Downtown Frederick’s long-planned Marriott hotel and conference center just landed a monster clean-energy financing deal, the kind that turns heads in both City Hall and on Wall Street. The project has secured a $43 million clean-energy financing package that program administrators say is the largest C-PACE loan in Maryland history. The money is earmarked for permanently affixed efficiency and water-conservation systems that will be built into the hotel during construction. The 204-room property from local operator Plamondon Hospitality Partners is already rising along Carroll Creek and is slated to open in 2027.
The Maryland Clean Energy Center has closed the $43 million MDPACE loan for the development, with Nuveen Green Capital originating a 30-year, fixed-rate note on behalf of Plamondon Hospitality Partners, according to REBusinessOnline. The financing is tied to a 2.2-acre parcel at 20 S. Carroll St. in downtown Frederick and is structured to cover permanent building systems rather than short-lived equipment. Program administrators say this transaction represents the largest C-PACE loan in Maryland to date.
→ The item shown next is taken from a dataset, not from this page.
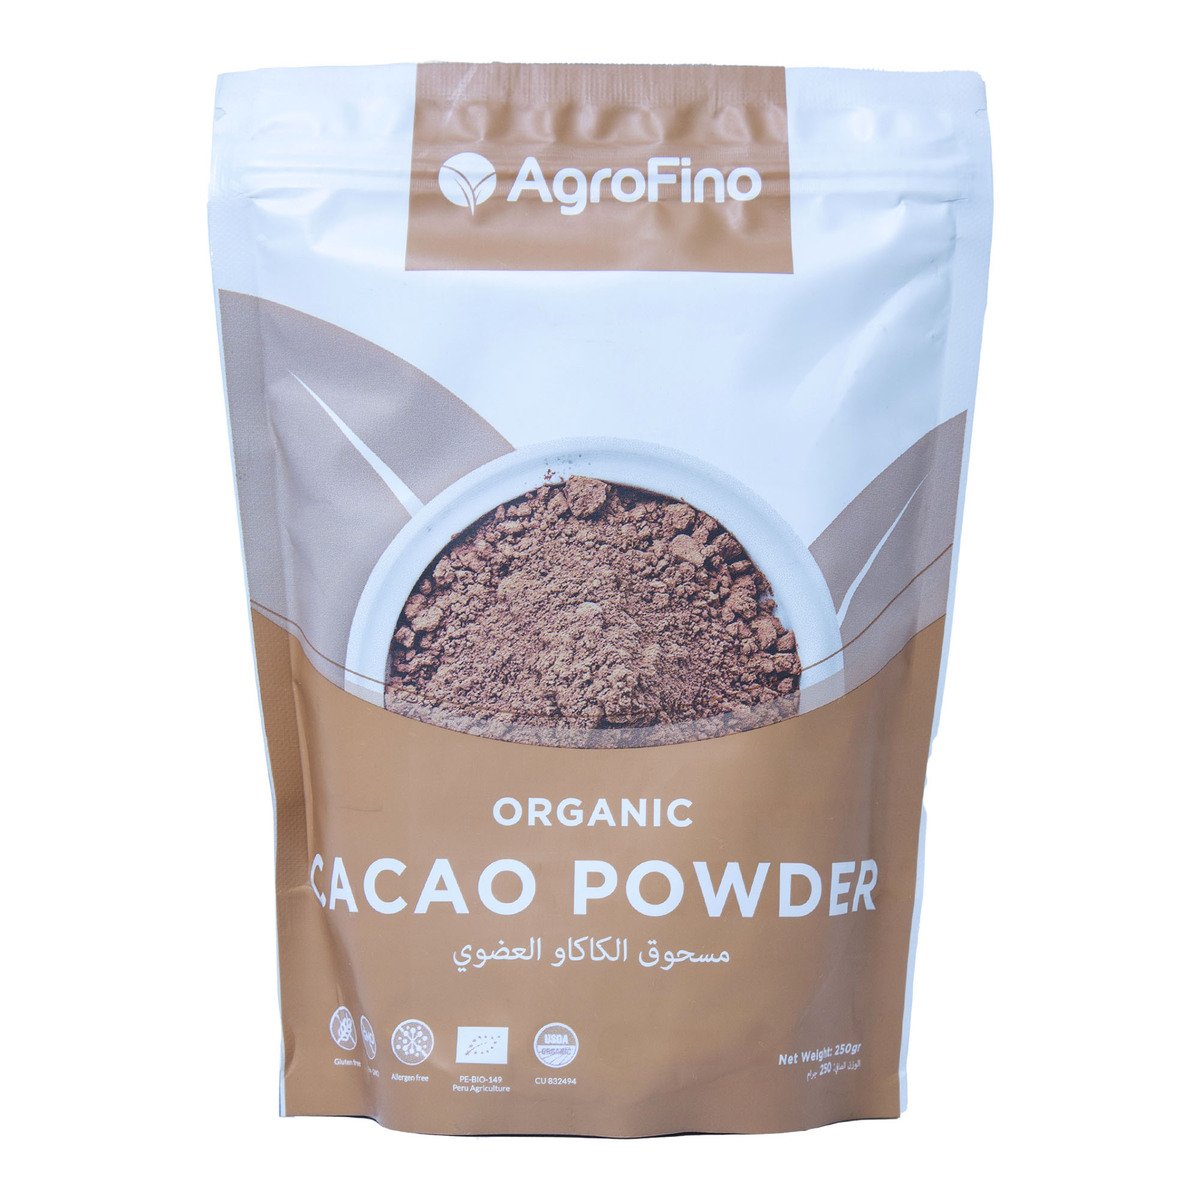 Agrofino Organic Cacao Powder 250 g Online at Best Price, Othr Baking  Aids&Mix

What the financing pays for
The C-PACE package is designed to fund a laundry list of energy and water efficiency measures, including advanced insulation, high-efficiency HVAC systems, upgraded windows and roofing, full interior LED lighting, and low-flow water fixtures. Those upgrades are projected to save more than 193,000 kilowatt-hours of electricity and about 1.4 million gallons of water each year, cut roughly 176 metric tons of CO2e annually, and generate more than $2 million in lifecycle cost savings, according to Commercial Property Executive. Developers say the approach is meant to reduce long-term operating costs while preserving borrowing capacity for construction and day-to-day operations.
Public backing and project scale
The hotel is one piece of a roughly $104 million public-private venture that the State of Maryland has backed with about $23 million in committed and proposed funds, according to the governor’s office. Plans call for 204 guest rooms, more than 26,000 square feet of indoor and outdoor meeting and event space, and a 250-space public parking garage. Officials say the project is expected to create roughly 200 direct and indirect jobs when it opens in 2027. State and local leaders have cast the hotel as a catalyst for additional downtown investment and a way to significantly expand Frederick’s convention and meeting capacity.
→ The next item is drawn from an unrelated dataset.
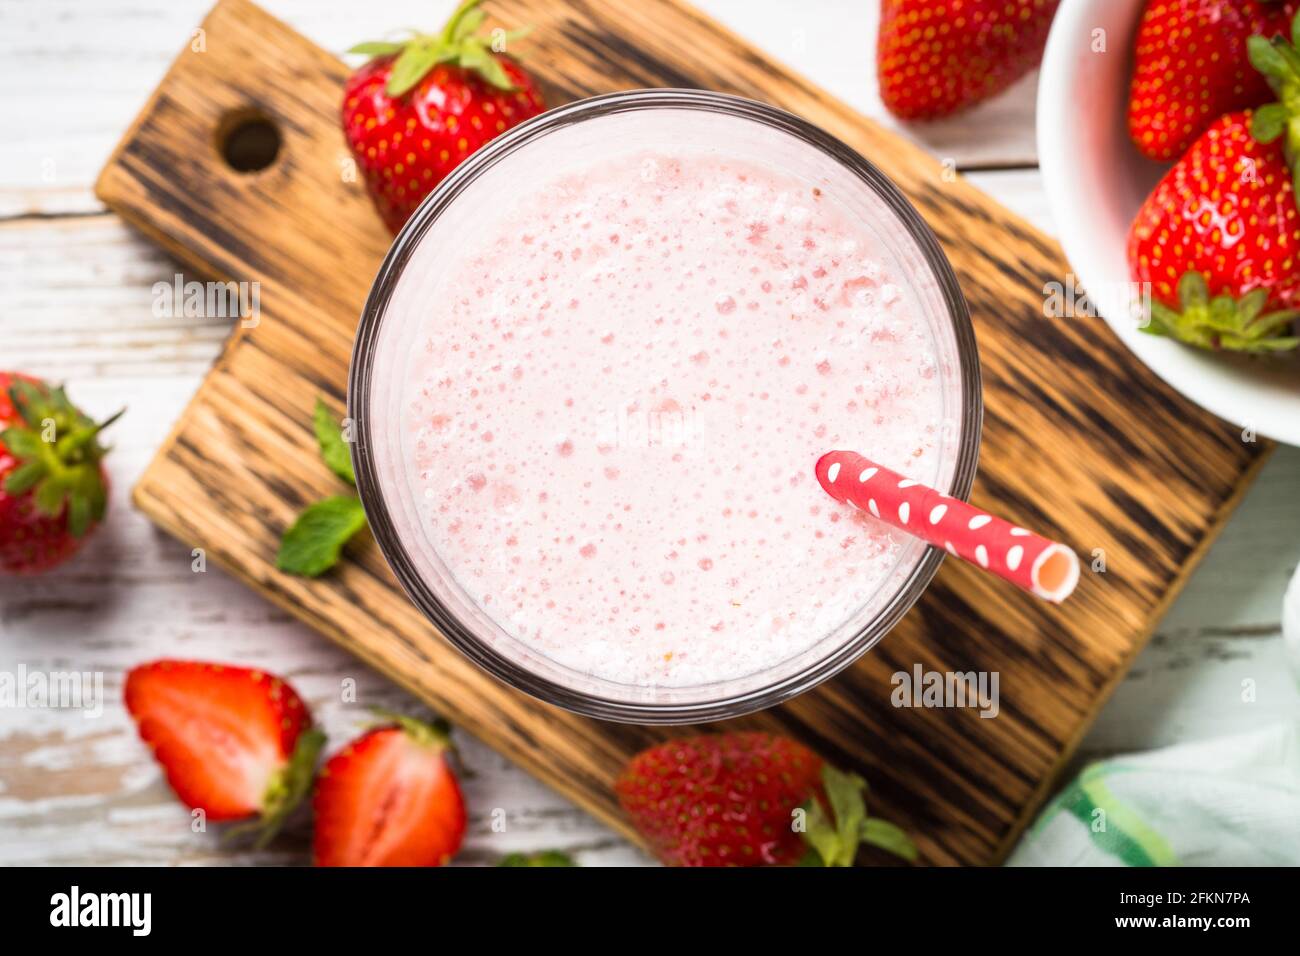 Erdbeer-Smoothie oder Milchshake am weißen Tisch. Stockfoto

Why C-PACE matters for hotels
In the hospitality world, C-PACE has quickly become a favored tool for developers who want to finance permanently affixed efficiency improvements without shrinking their senior-loan capacity. Nuveen’s originations team told Commercial Property Executive that hotels have been a high-growth segment for C-PACE as sponsors hunt for creative capital solutions in an era of elevated construction and borrowing costs. The combination of long-dated financing and operating savings is a key selling point for both lenders and local officials trying to stretch every public and private dollar.
Local impact and next steps
Plamondon says construction is underway and that the company is working with the City of Frederick on community notices and logistics as crews push toward the planned 2027 opening, according to a company release via PR Newswire. Officials and developers expect the hotel to boost the downtown’s capacity to host conferences and conventions and to serve as a catalyst for more than $100 million in follow-on investment. In the near term, residents can expect the usual construction headaches, followed by a hoped-for wave of visitors and events that could feed more business to local restaurants, retailers, and service providers.